Say what? I’ve seen this and similar themes confound the potential benefits of SDN: “Centralized management and control of networking devices from multiple vendors", "SDN makes management simpler by providing a vendor-agnostic API to program the network”, “SDN enables virtualization to be used to reconfigure the network.” Yada-yada-yada. The problem is that SDN, like all of its predecessors, started with the strategy of “build it first, manage it later”. This means that SDN will be able to solve some simple management problems, but not because it was built for management.

With respect to “making management easier”, that’s a completely different story. The root of the problem is that networks are managed completely differently than the applications that run on them. One of the original premises of SDN was that innovation in network applications has been stifled because of the immense cost present in the special-purpose hardware and software in network devices. In order for network applications to be more like PC applications, they need a simple, common, hardware substrate (similar to the x86), so that using open source, innovation can use applications and infrastructure (e.g., the OS and mechanisms such as virtualization) to rejuvenate network applications. This sounds good, especially with a fifty year single malt and a nice Montecristo #2. The reality is that networks are, fundamentally, a system of systems. You simply cannot manage something this complex with a single box. You cannot take a single device, reconfigure it, and expect that operation to not affect other parts of the system. People really need to stop and (re)learn control theory – John Boyd’s OODA loop is a great place to start.

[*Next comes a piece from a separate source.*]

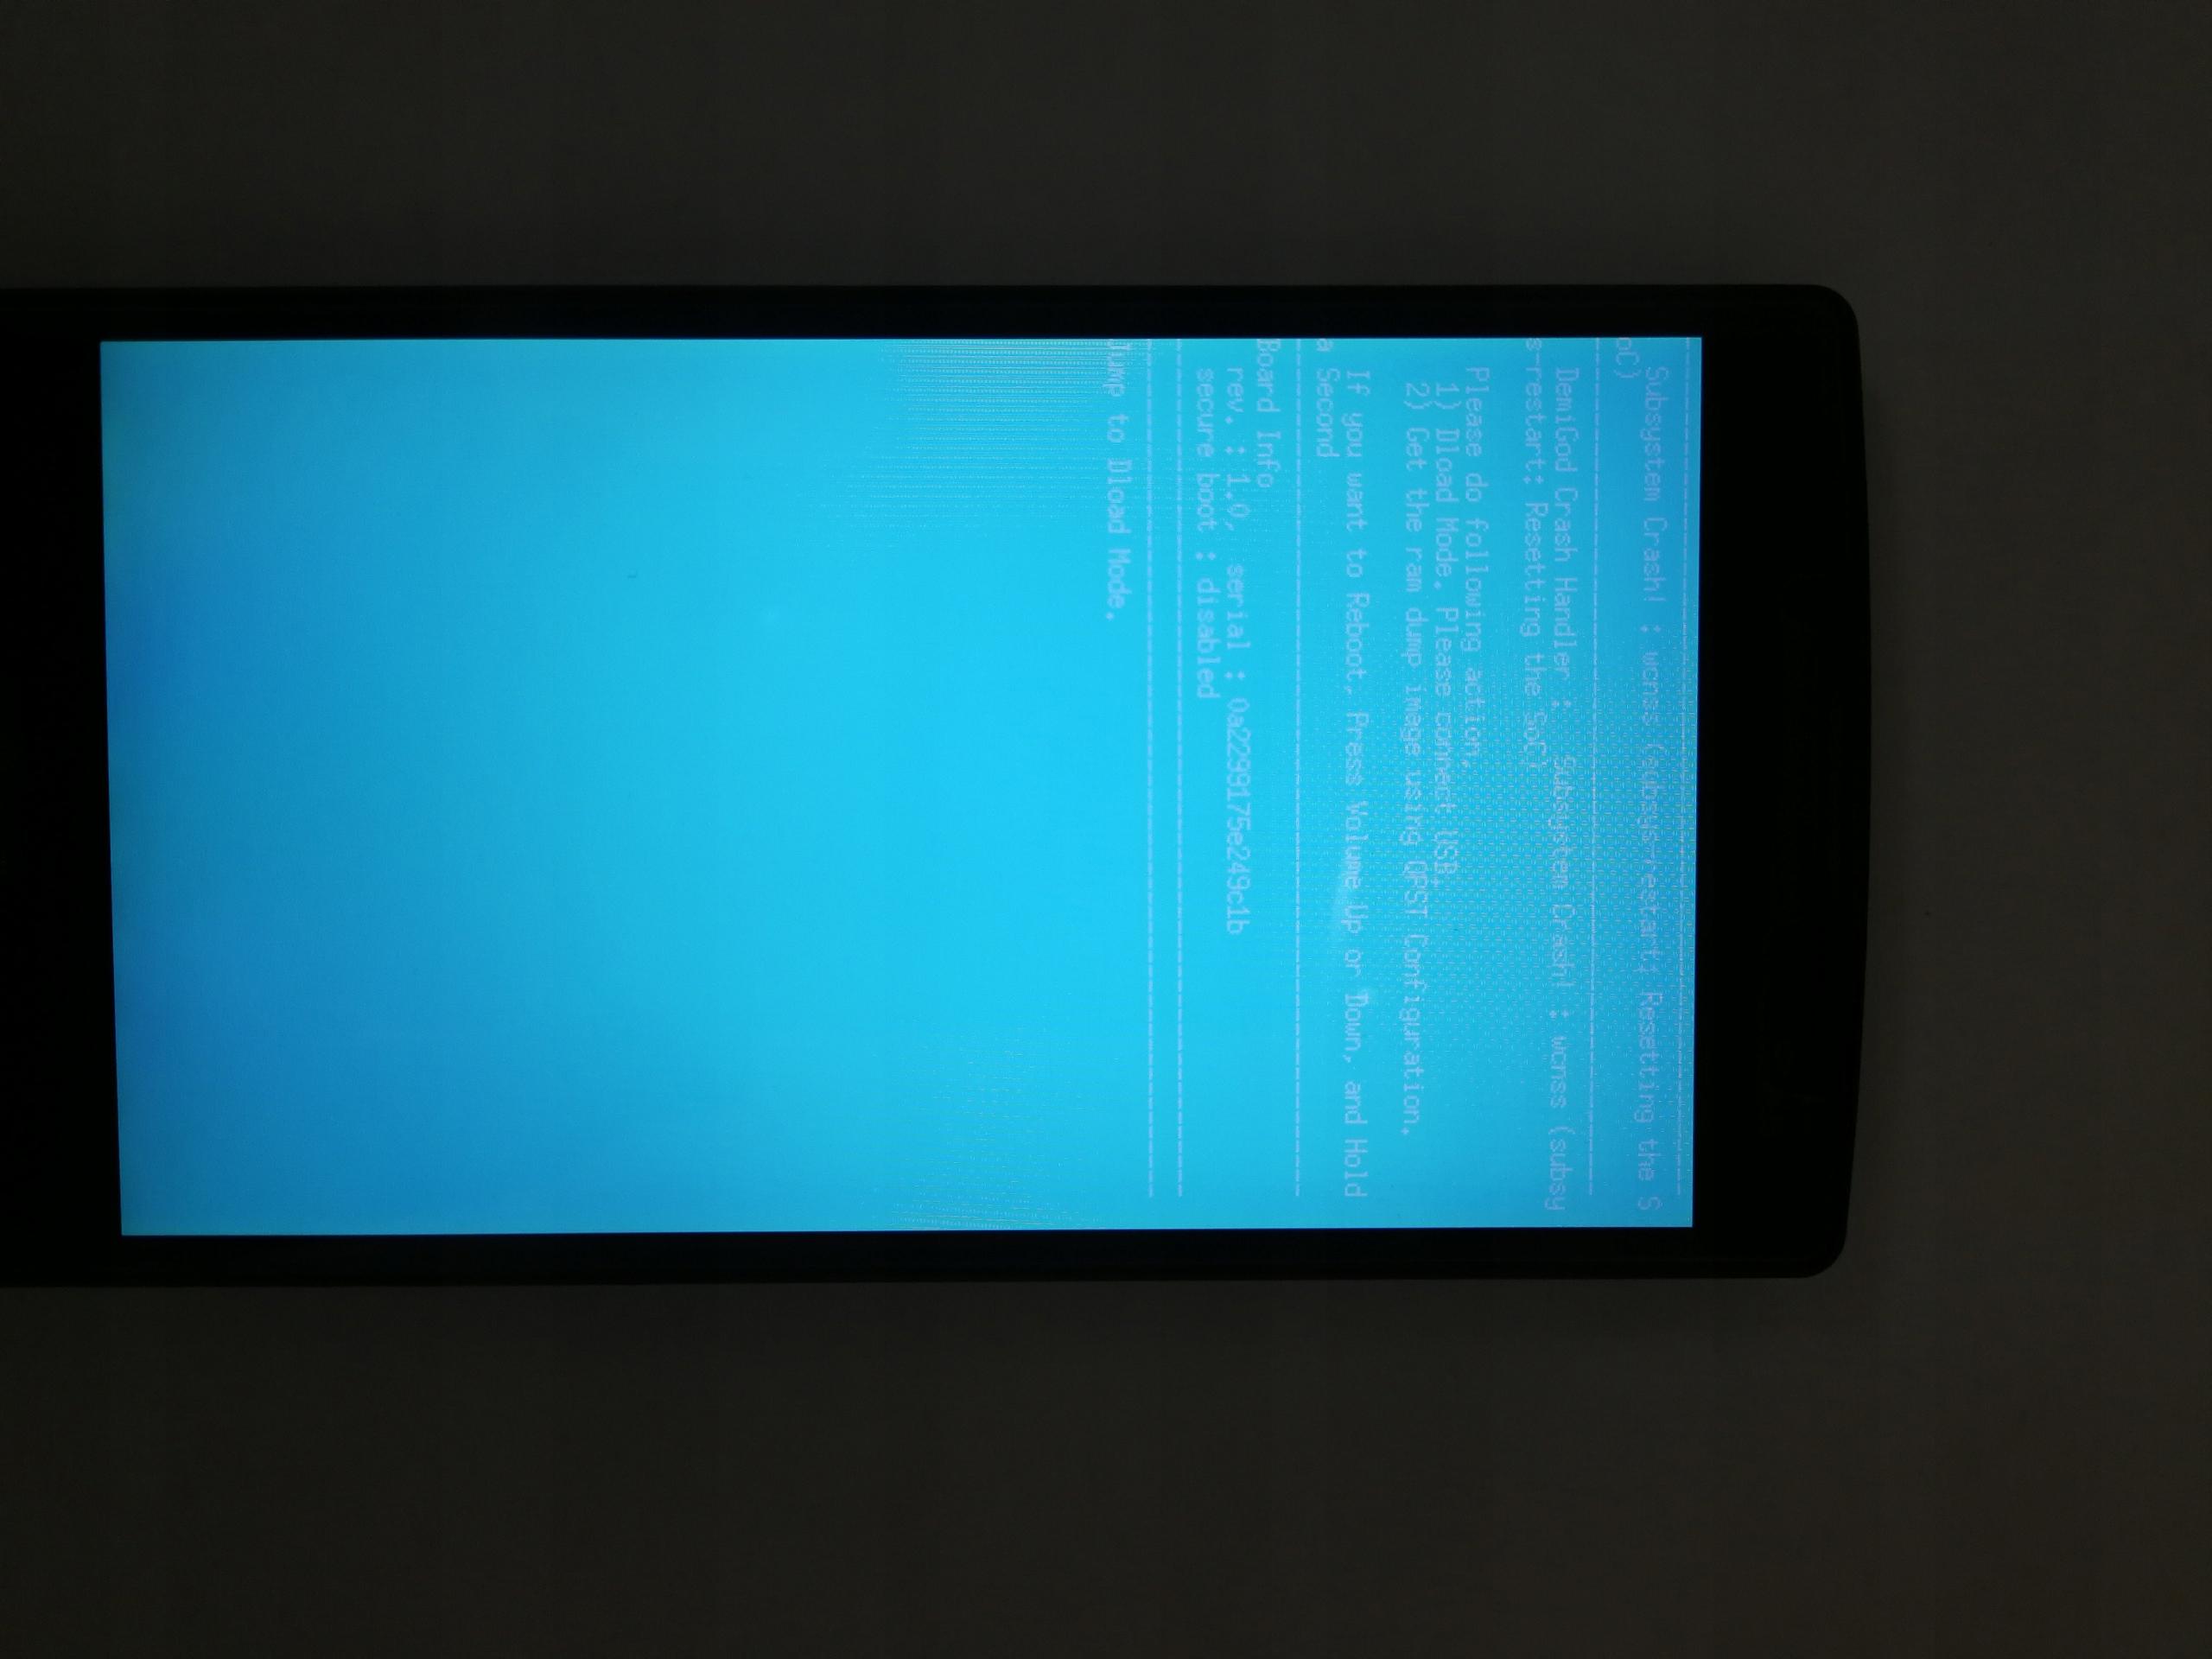 LG Spirit 440H 4G LTE - 7672134643 - oficjalne archiwum allegro

“Isn’t SDN supposed to move intelligence from all of those proprietary network device operating systems to a much simpler set of systems that can use commodity hardware and open source software? Where are my savings in CAPEX and OPEX? You software management guys are the Devil Incarnate!”

Sigh. It’s just like the Future Internet . There have been hundreds of conferences, thousands of conference and white papers, and still, not even one proposal to replace SNMP. Engineers love to tinker with new toys that provide new functions, whether it is a new virtualization technology, or new abstractions, such as those proposed by SDN. When it comes to management, however, no one cares, because it just ain’t sexy. But wait…are those abstractions and key ideas of SDN really new? Hmmmm…

One of SDN’s key abstractions is the idea of separating the data and control planes. This has been talked about for over 10 years (old references include, for example, automatically switched optical networks (ASON), GMPLS, and even MPLS; efforts focusing on the Future Internet include: Autonomic Network Architecture, CMU 4D Architecture, and two very interesting FP7 projects: SAIL and UniverSelf. In order to really achieve true separation, then everything should be separated – separate messages, separate ports, etc.; equally clearly, this is not how any network equipment vendor’s implementation really works today. But wait, you interrupt! “SDN has already logically separated the data and control planes!” “Not so fast”, I reply. The devil is in the details. For example, SNMP mixes data, control, and management data together in the same protocol over the same port. So do other protocols. In fact, this permeates the design of pretty much everything in networking as we know it today. SDN does not solve this problem. It is no closer to solving this problem than any previous solution; in fact, some previous work, which in fact proposed separate management protocols to talk to separate control plane protocols to talk to separate data plane protocols, were much further along in their thinking and implementation that any current implementation of SDN, and those reach back well over 4 years. The reason that this is important is that by separating the data and control planes, it is easier to address two different functions and make each more reliable and manageable. Separation enables control plane functions to be located in physically different hardware than data plane functions; this in turn enables both to match the implementation requirements to the best combination of hardware and software available. This would enable “pools” of resources to offer different types of controllers and forwarding elements – some smarter, some dumber, some simple building blocks in order for smart designers to build their own, application-specific controllers.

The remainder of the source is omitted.